Very close to Ukraine, the Italian cartoonist Igort kept in pictures the diary of the invasion of the country by Russian troops. Human and chilling.
The designer is Italian. His name is Igort, a pseudonym made up of his Russian first name, Igor, because his parents were crazy about Slavic culture. He himself married a Ukrainian. And he has been interested in what is happening in the East for many years now.
Survival at the end of the line
It gave The Russian Notebooks And The Ukrainian Notebookswherein he returned at length and painfully to the Holodomor, the great famine imposed by Stalin, which decimated the Ukrainian population, in 1932 and 1933. Igort signs today Diary of an Invasiona story-testimony based on the daily phone calls made with loved ones, family, friends who were in Ukraine, during the first days of a war that Vladimir Putin had wanted ‘lightning’, and which lasts since a year.
One of the many qualities of this book is precisely the reminder of the historical dimension of this conflict. Igort does this, without hiding anything either from the pro-Nazi wanderings of certain Ukrainians during the Second World War. Another quality of this book is to have chosen to treat the current conflict by composing a puzzle of small stories. By staging clearly identified men, women, young and old.
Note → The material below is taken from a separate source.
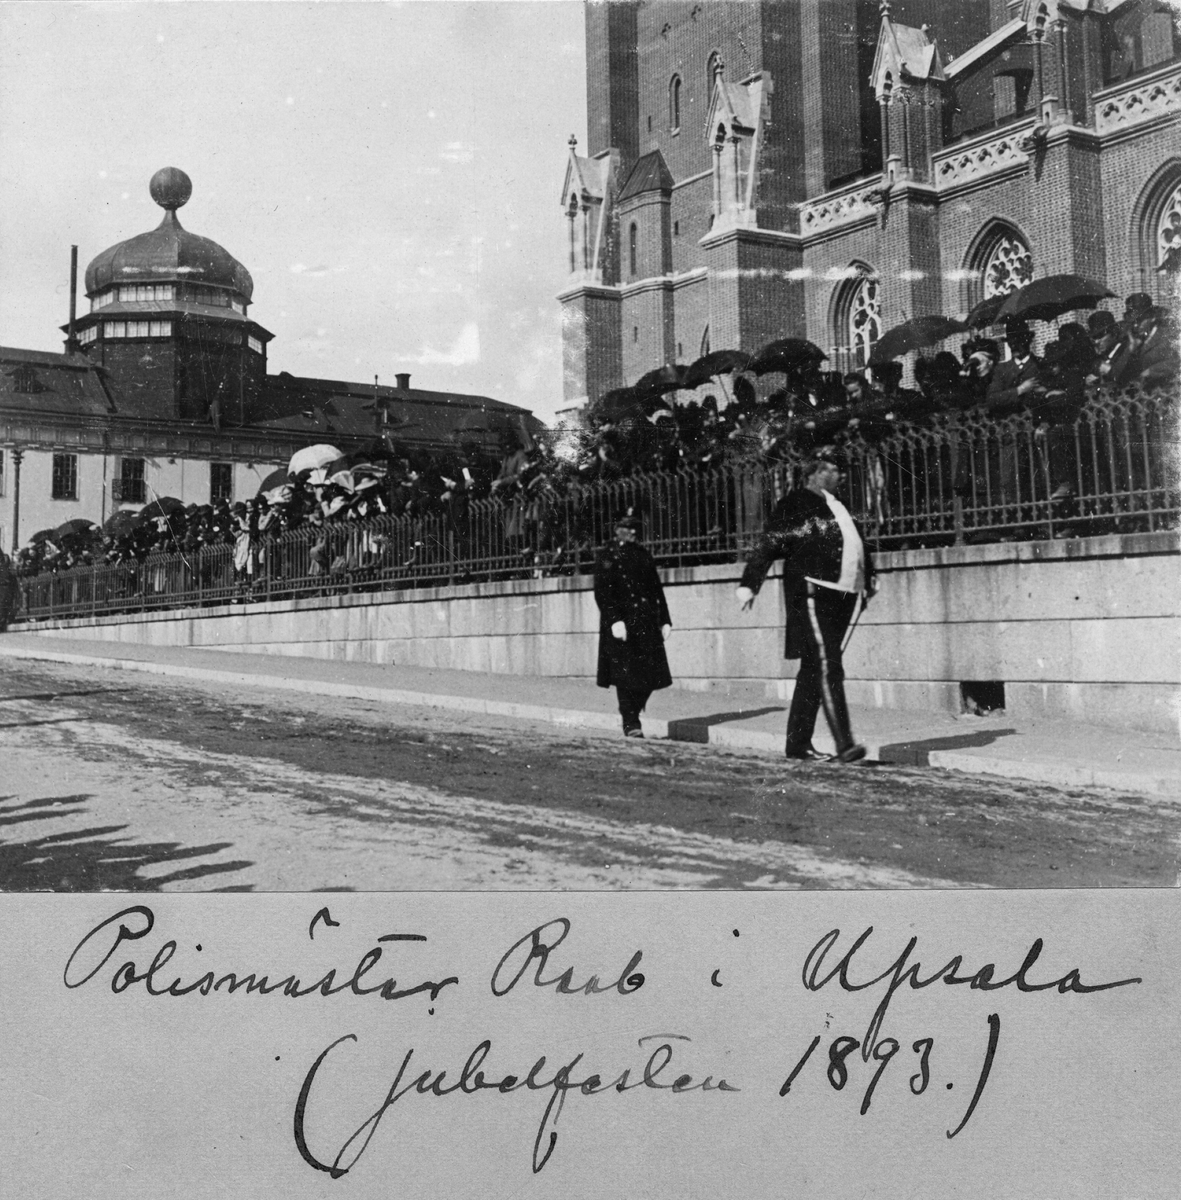 "Polismästar Raab i Upsala, jubelfesten 1893", Uppsala
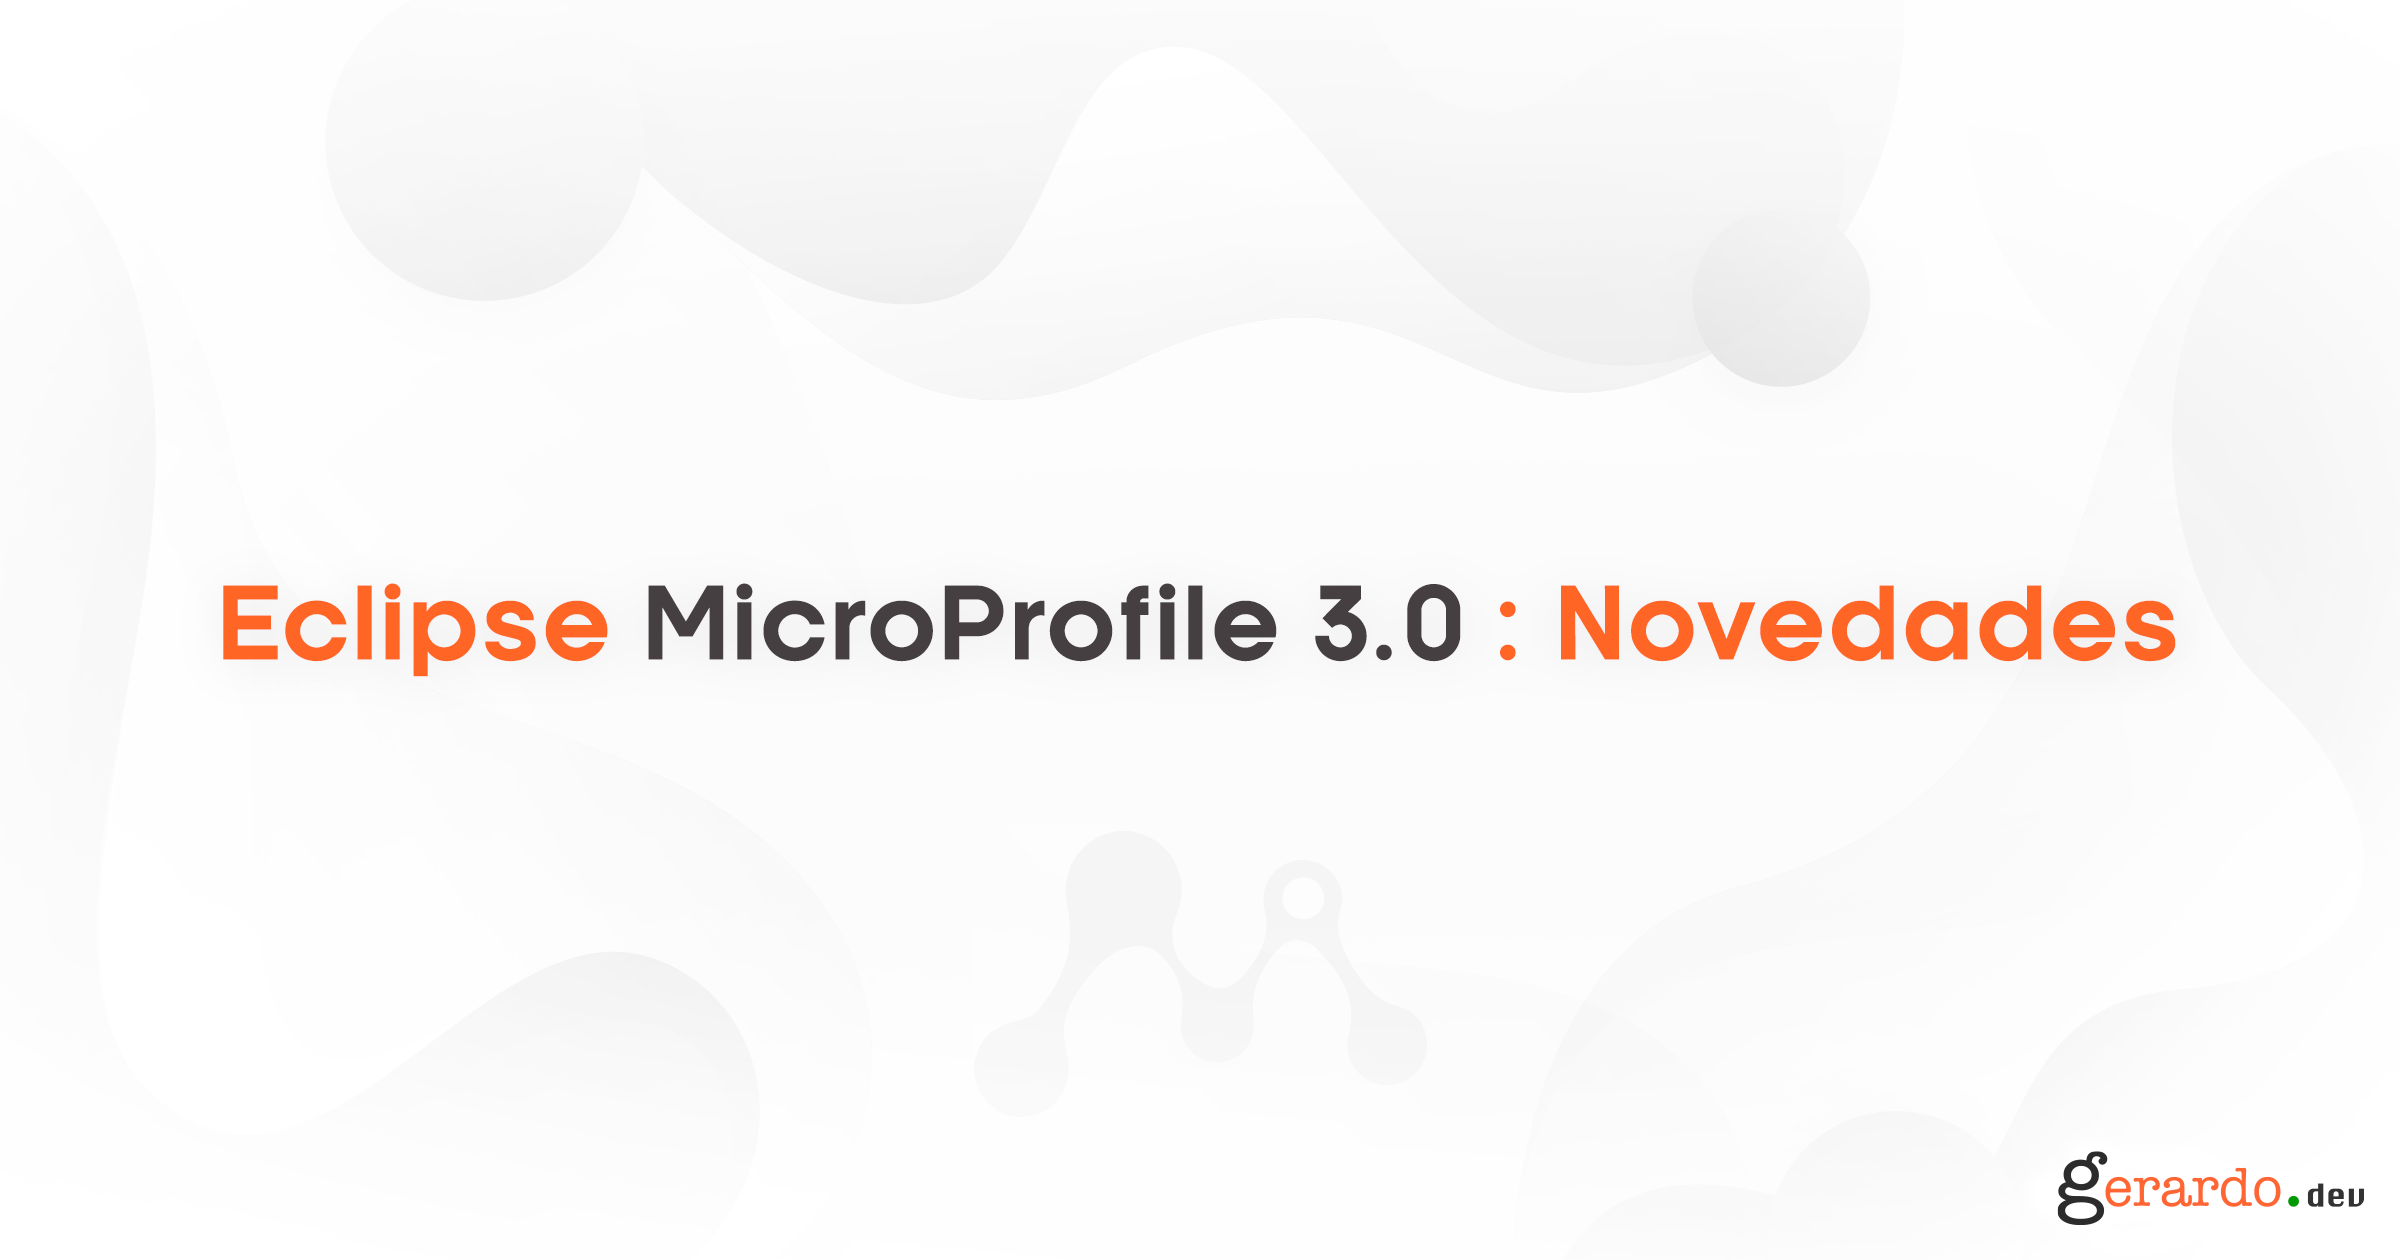 Eclipse MicroProfile 3.0: Novedades

“The idea is to look at History with the smallest possible gaze: all the primary things, to feed, to survive, to wash, with the lack of electricity, the lack of heating, the lack of water.”
The designer Igortat franceinfo
Igort’s graphic signature is powerful. He works with a pen and often looks his characters in the eye. To hide nothing of the violence and suffering. But taking care not to make fun of the horrors of war.
“With a testimonial book, we don’t have the right to drawing pornography. We have to take a step back. When violence goes beyond what is acceptable, I try to represent it with somewhat cubist visions.”
The designer Igortat franceinfo
This nudity of the line is terribly effective. The Ukrainian notebooks, Diary of an invasionIgort, published by Futuropolis.